The Palaszczuk Government has today released Queensland’s first Youth Justice Strategy outlining ways to keep communities safer and reduce youth reoffending across the state.

Minister for Child Safety, Youth and Women Di Farmer said the strategy Working Together Changing the Story 2019-2023 provides an evidence-based framework that will deliver initiatives proven to reduce offending, reduce reoffending and address the over-representation of Aboriginal and Torres Strait Islander young people in the youth justice system.

“The safety of our community is paramount, and Queenslanders have the right to feel confident that they are safe,” she said.

“The community expects young people to be accountable for their actions, and so do we.

“The community also doesn’t want to see young people reoffending.

“Evidence shows that by placing young offenders in detention, they are more likely to re-offend.

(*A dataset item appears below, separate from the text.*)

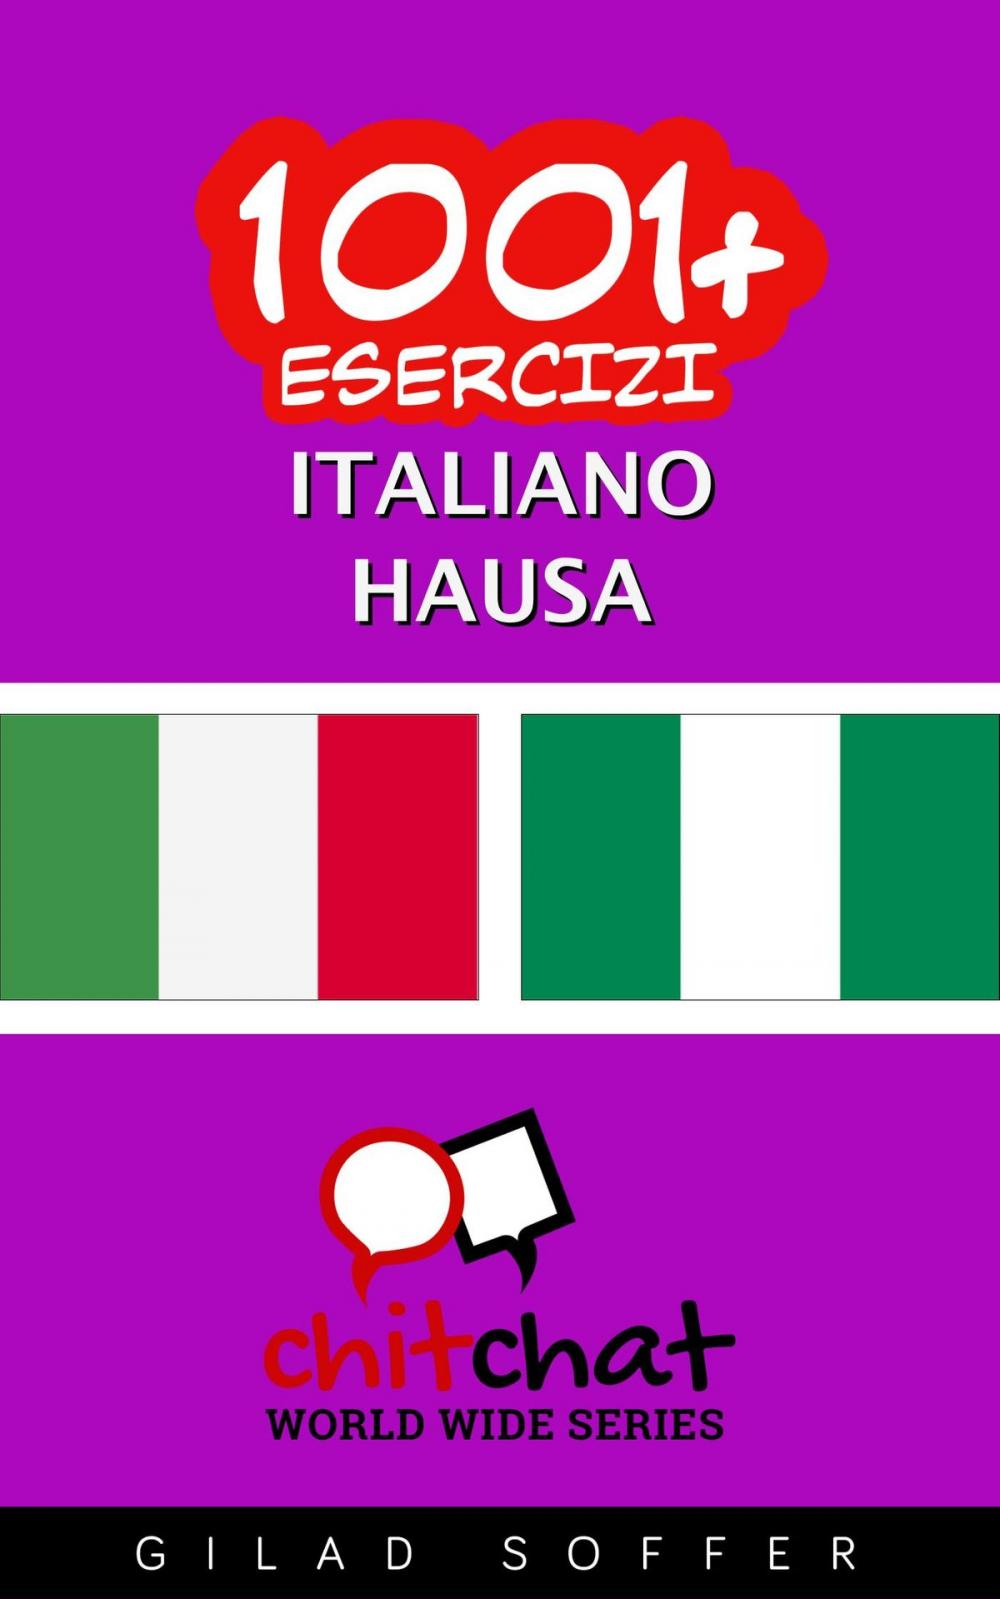 Big bigCover of 1001+ Esercizi Italiano - Hausa

“We can’t continue to keep doing the same things over and over and expect a different result.

“We need to do what works.

“Initiatives like Transition 2 Success have shown some really promising results, where 75% of young people who complete a T2S program did not reoffend within six months.

“Fifty-nine percent of young people who completed a restorative justice conference also did not reoffend within six months.

“This strategy is about changing the story for our young people and our community.

“It provides a framework that will strengthen prevention, intervention, restoration and rehabilitation, including a focus on engaging families and communities. 

“It will lay the foundation for an Action Plan based on initiatives that work to the number of young people offending and on remand.” 

More than 80% of young people in detention in Queensland are on remand, well above than the national average of 61%.

Ms Farmer said the Strategy is based on the ‘four pillars’ recommended by Mr Bob Atkinson AO APM in his Report on Youth Justice.

The four pillars are: intervene early, keep children out of court, keep children out of custody and reduce reoffending.

“Many of the young people who are held on remand instead of being bailed are there because they don’t have a safe home to go to,” Ms Farmer said.

“That’s why we are investing almost $17 million over three years to support young people charged, or at risk of being charged with offences, so we can keep them out of detention and divert them toward more positive activities.”

One of the key elements of the Strategy is to ensure strong engagement with Aboriginal and Torres Strait Islander communities to support them to come up with their own solutions.

Ms Farmer said change would require everyone to play a part in supporting and influencing the lives of children and young people.

“Change will take time, but there are lots of positive things happening right now that we can build on to improve the outcomes for families, communities and our young people,” she said.

“I would really like to thank and pay tribute to the many other agencies, experts, community leaders, young people and the general public who took part in consultations that have led to this strategy, and to the 20 members of the reference group who gave so freely of their time and experience in guiding the development of the document.”

The Action Plan will be developed in the first half of 2019 to give effect to the vision outlined in the Strategy.